東ティモールのPKOは東ティモールの独立を阻止しようとするインドネシアを抑える目的でスタートした。もし日本が東ティモールに自衛隊を派遣していたら、ASEANの盟主にして日本の最大の友人であるインドネシアと戦うことになったのだ。東ティモールのPKOはアメリカではなく、インドネシアと仲の悪いオーストラリアの要請によるものだった。集団的自衛権に基づいて国連PKOに参加しようというのなら、アメリカではない盟友に協力する、というケースもありうる。

一方でベトナムと中国の関係がキナ臭い。ベトナムには多くの日本企業が進出しているし、そこで働く邦人も多い。日本の国益そのものだ。ベトナムと中国の間で戦争が起こり、友好国ベトナムから要請があった場合、日本は自衛隊を派遣するのか。

憲法解釈の変更で認められる集団的自衛権とはどこまでを言うのか。閣議決定で押し通そうというのなら、安倍首相はこれを定義する義務があるだろう。私自身は集団的自衛権の行使容認に反対でも賛成でもない。どちらでもいいが、ここで一度決着をつけるべきだと思っている。

大事なのは国民の目の前できちんと議論をすること。野党や反対派は私が上記に提起したような論法で安倍首相を攻め、政府が目指している「普通の国」を定義させるべきだろう。

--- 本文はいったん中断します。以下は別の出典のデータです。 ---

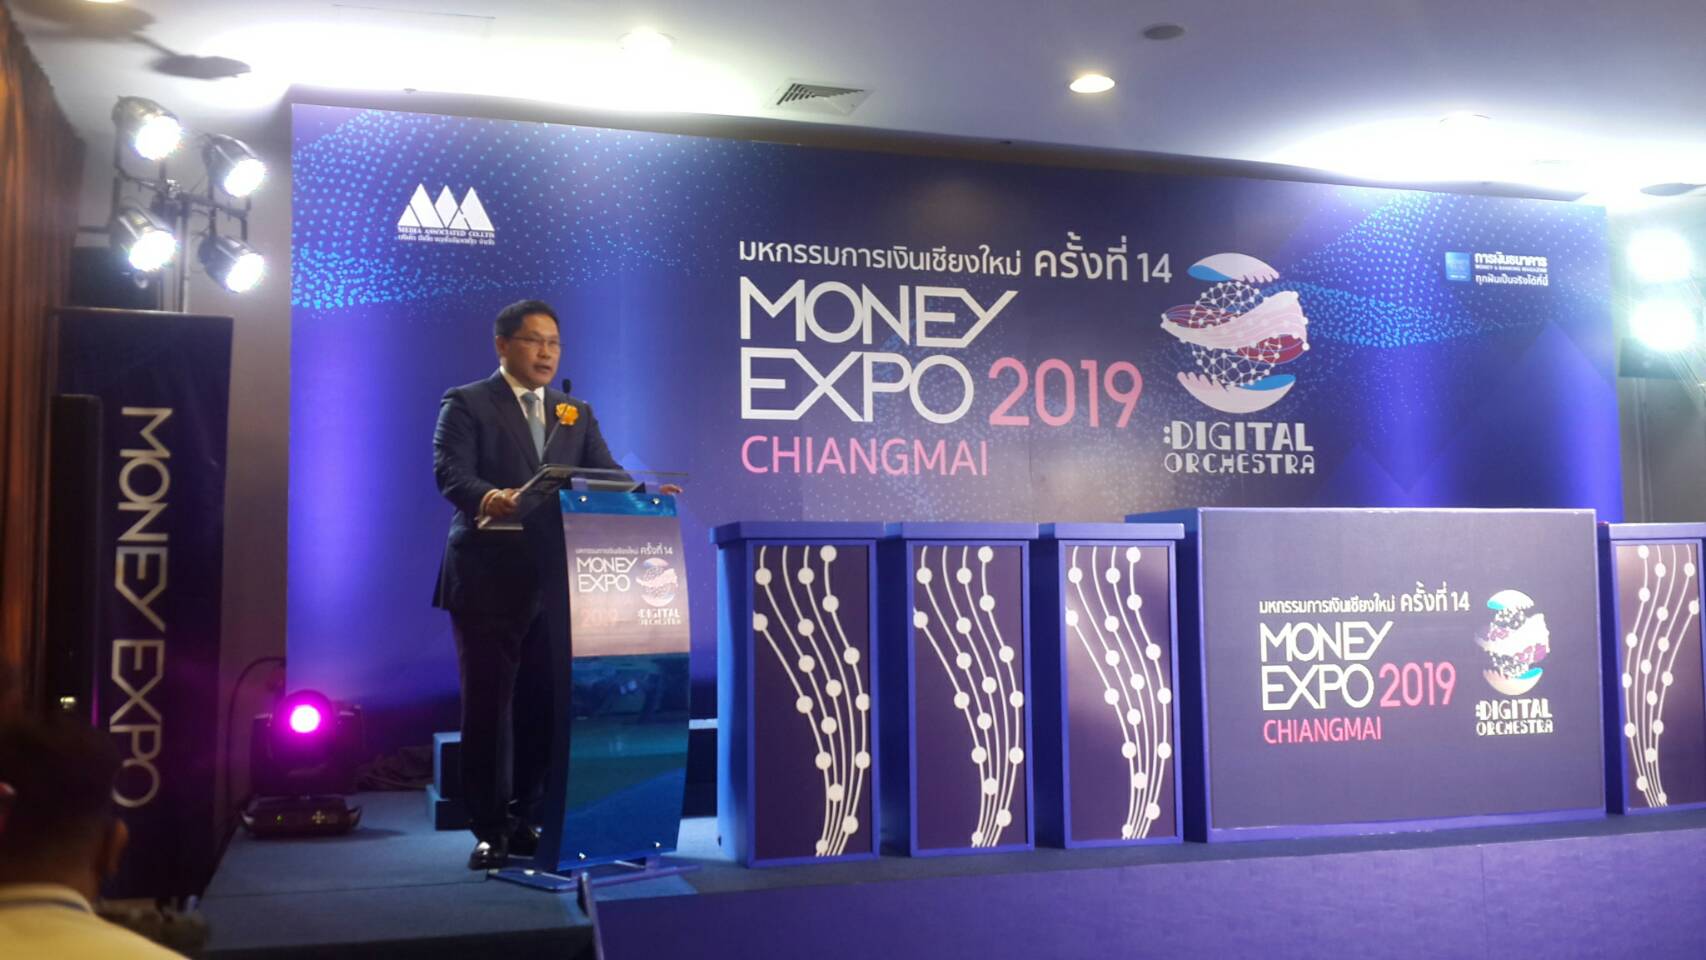 Money Expo Chiangmai 2019แข่งโปรโมชั่นแรงส่งท้ายปีเพื่อชาวเหนือ  เงินกู้ดอกเบี้ย 0% ซื้อประกันรับทองคำแท่ง 20 บาท

ありもしない事態を想定して、「そのケースは含まれる」「含まれない」などと政治家と役人が決めていくことではない。これまで、世界の国々がどれだけ多くの血と汗を流して「普通の国」をつくり上げてきたか。この議論を通じて、過去50年の諸外国の経験を学んでほしい。

朝日新聞的な戦後民主主義というものが、いかに日本人の目を現実から逸らしてきたか。そのことに少しでも早く気付いて、世界にキャッチアップしてもらいたい。